This weekend (3 to 5 March) you will have a unique opportunity to admire the work of dozens of artists at a World Heritage location: the fortified Fort Island in IJmuiden. The booths of the new Art Island art fair will be set up in a protected 19th century underground corridor system, which means that you certainly won’t have a white cube-like experience. The fair was started by the gallerist duo Brinkman & Bergsma. On GalleryViewer you will find an online catalogue with an overview of the exhibited works and in this article we highlight a number of remarkable works of art that will be on display.
During Art Island, Galerie Ron Mandos is showing a series of animations, paintings and a piezo print by the Dutch artist Jacco Olivier. The award-winning artist — he was the recipient of the prestigious Jeanne Oosting Prize in 2019 for instance — occupies a unique position within the painterly landscape, because painting and video art come together in a remarkable way in his work. The maker started his artistic career by making paintings. To gain a better understanding of his practice, he started taking photographs of fragments of his work. When you watch these images in quick succession, it creates a painterly animation. It was the start of a series of video artworks in which figuration and abstraction often seem to merge seamlessly. Olivier completed a residency at the Rijksakademie and his work has been exhibited worldwide, including at the 56th Venice Biennale. You can find his work in the collections of Museum Voorlinden and the (Finnish-Polish-British) Zabludowicz Collection in London.
In the booth of andriesse eyck galerie you will be surprised by a series of cheerful carpets by Jakup Ferri, who will also represent his native Kosovo at this year's Venice Biennale. The pixelated patterns of these carpets were designed by the artist's son, in the popular computer game Animal Crossing. Ferri grew up in Pristina in Kosovo and experienced a certain isolation from the western art world. But at the same time, that was also a time in which he gained a deep love for folk art and the craft that goes with that. These carpets were woven by hand in Kosovo and Albania. Ferri also completed a residency at the Rijksakademie van Beeldende Kunsten in Amsterdam and in 2008 he received a Buning Brongers Award. Many of his works deal with the nomadic existence that many artists lead, from residency to international exhibition and vice versa.

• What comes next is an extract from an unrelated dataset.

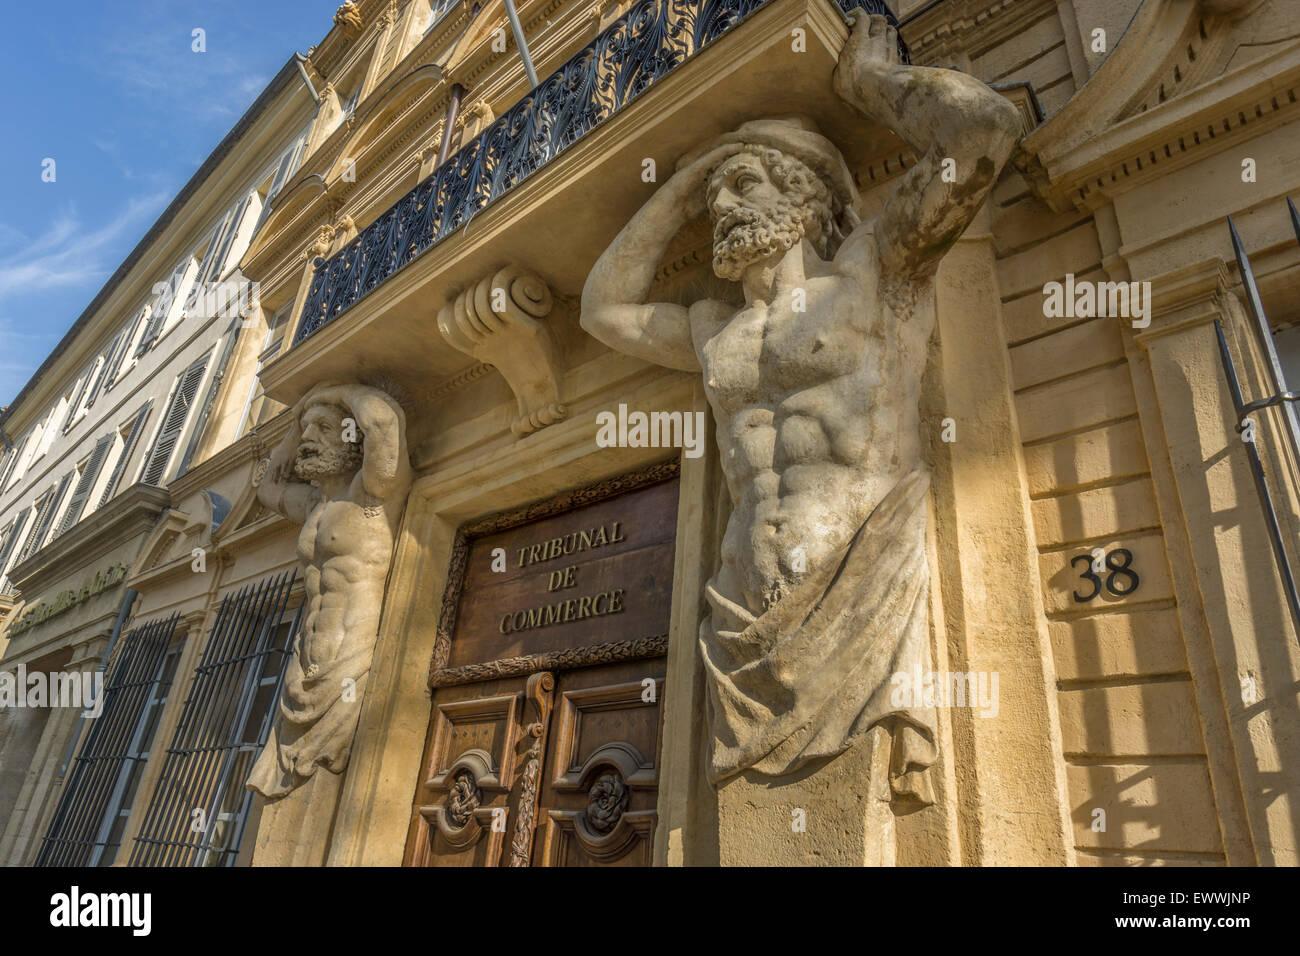 Dorway with caryatids, Tribunal de Commerce, Atlas Figures,   Cours Mirabeau, Aix-en-Provence, Bouches-du-Rhone - Stock Image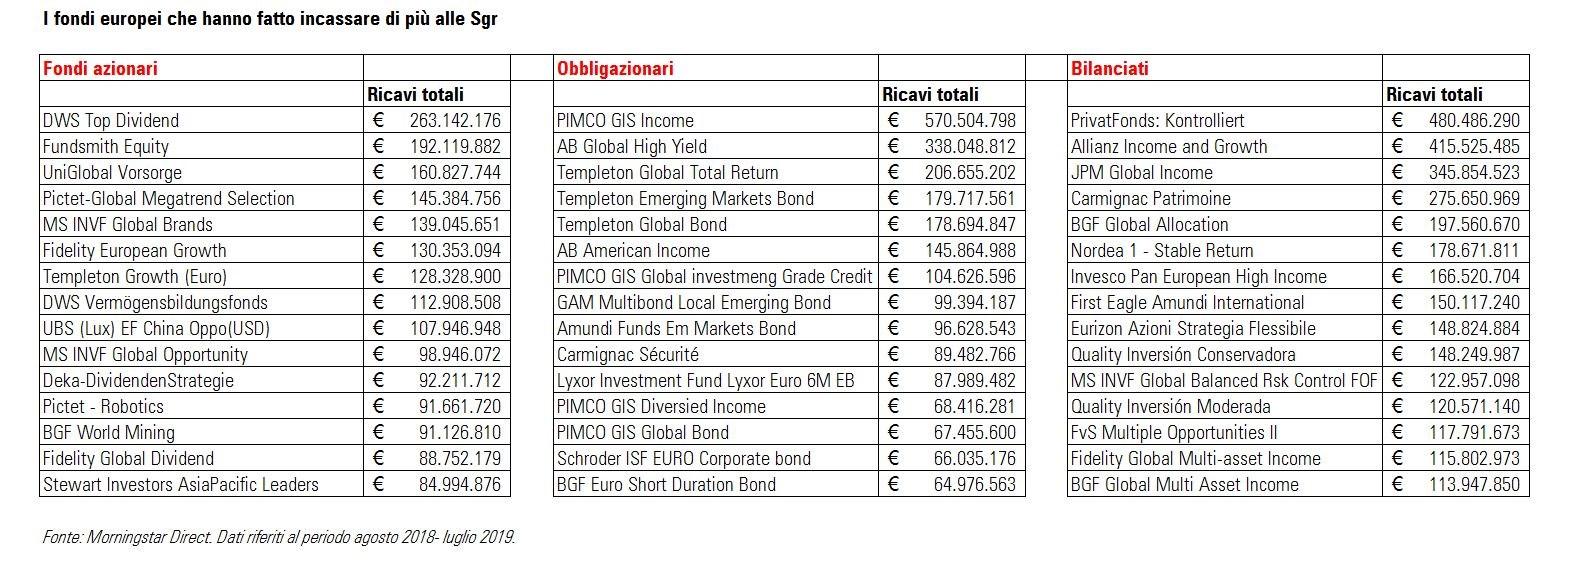 I fondi europei che hanno fatto incassare di più le SGR

In the booth of tegenboschvanvreden, you will find a work that feels quite topical: a miniature (30 cm tall) sculpture of the famous Tank Man, the man who stopped a column of tanks in Beijing's Tiananmen Square in 1989, because he was brave enough to stand in front of it. He became the symbol of the resistance against a powerful system, an iconic image within our collective memory. In his work, the Spanish artist Fernando Sánchez Castillo deals with political power in relation to art, for example during the Spanish Civil War and the dictatorship that followed. It is therefore perhaps not surprising that this image touched him. Castillo has honoured him in various formats in his practice over the years. In a hyper-realistic and life-sized way, as in the work that is now part of the collection of the Centraal Museum, but also in the form of a large field that was filled with thousands of green toy soldier Tank Men.